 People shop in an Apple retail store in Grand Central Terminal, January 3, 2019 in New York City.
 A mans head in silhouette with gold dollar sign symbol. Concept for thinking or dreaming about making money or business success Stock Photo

::::::::

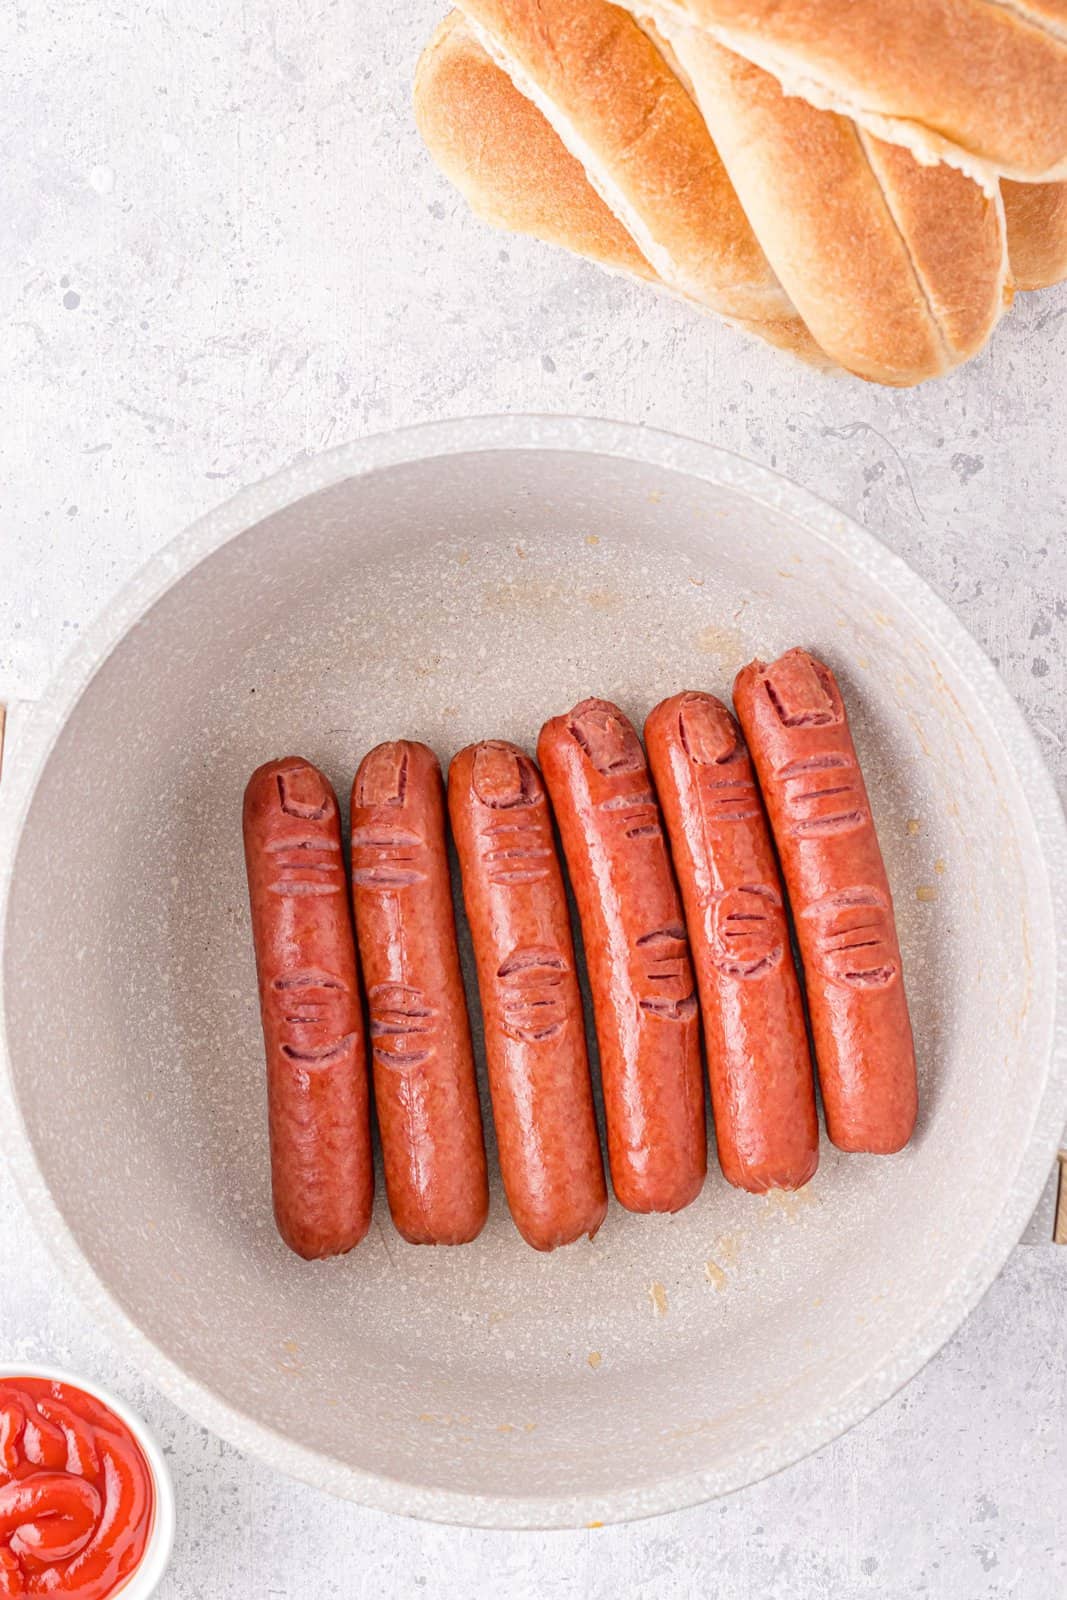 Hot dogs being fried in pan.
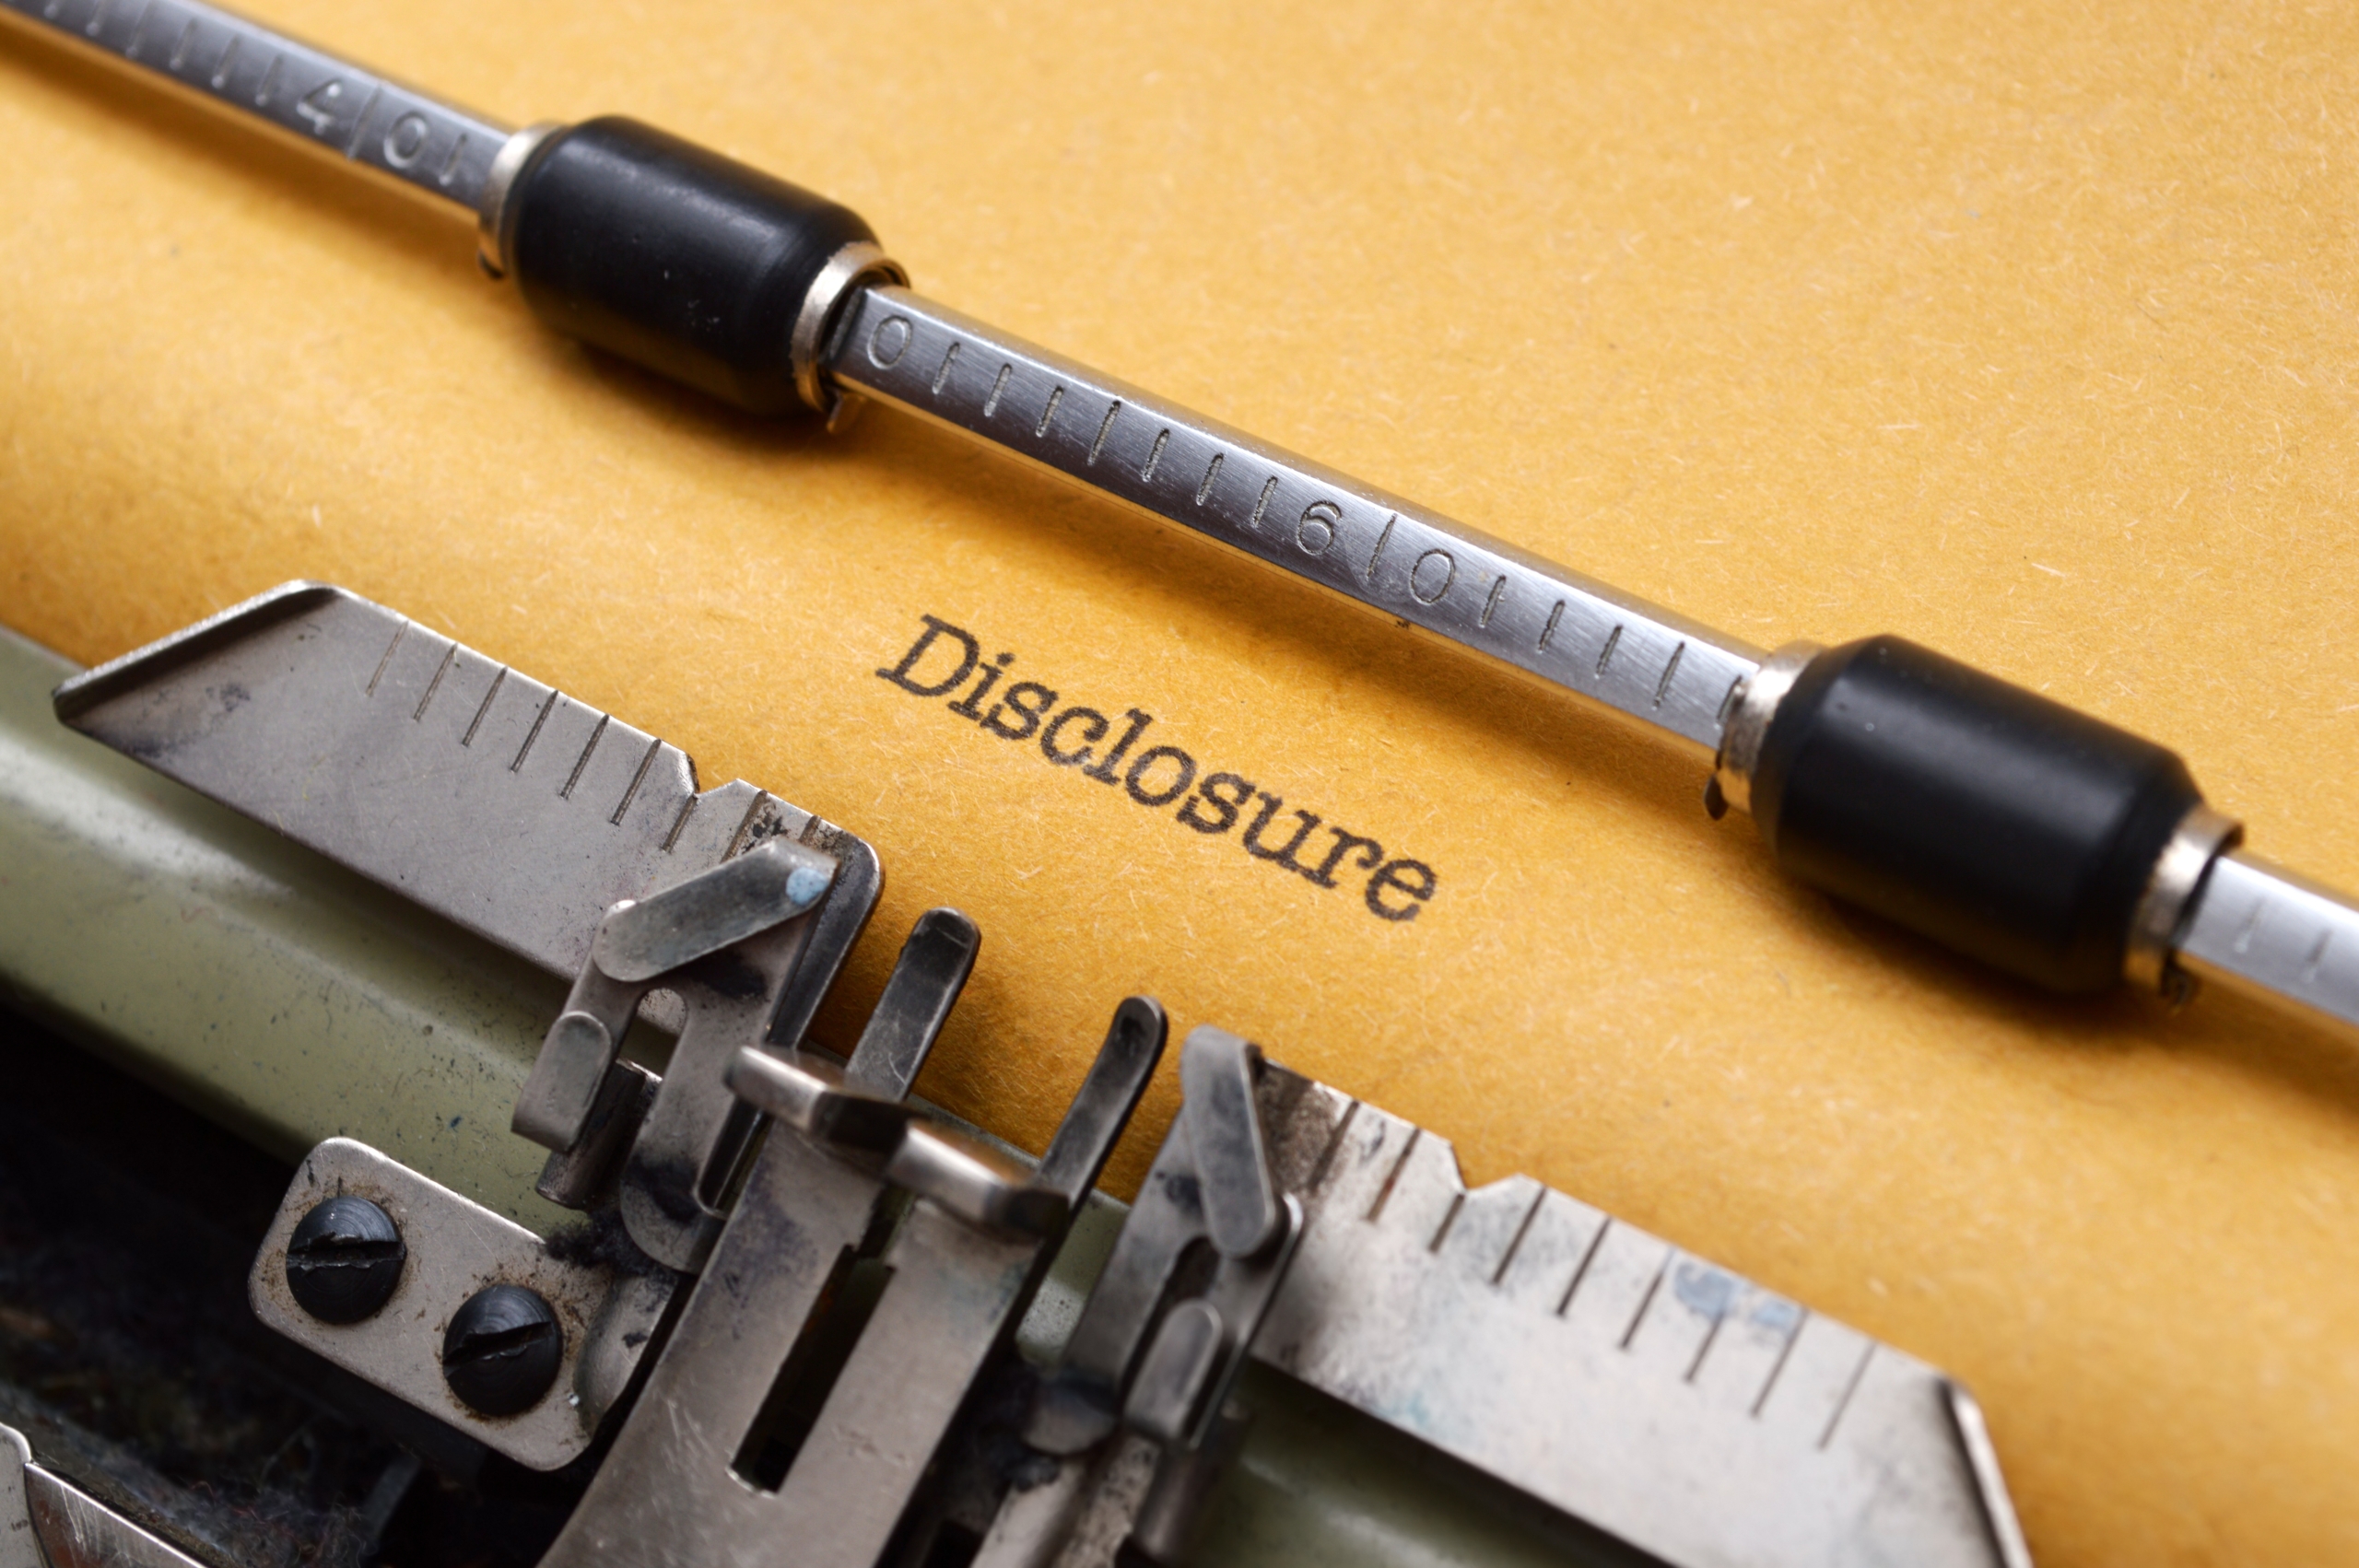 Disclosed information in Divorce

::::::::

Problem to solve — Within the material above, copy exactly the lines from the line that holds "People shop in" up to and including the line that holds "A mans head".

Exercise response —
 People shop in an Apple retail store in Grand Central Terminal, January 3, 2019 in New York City.
 A mans head in silhouette with gold dollar sign symbol. Concept for thinking or dreaming about making money or business success Stock Photo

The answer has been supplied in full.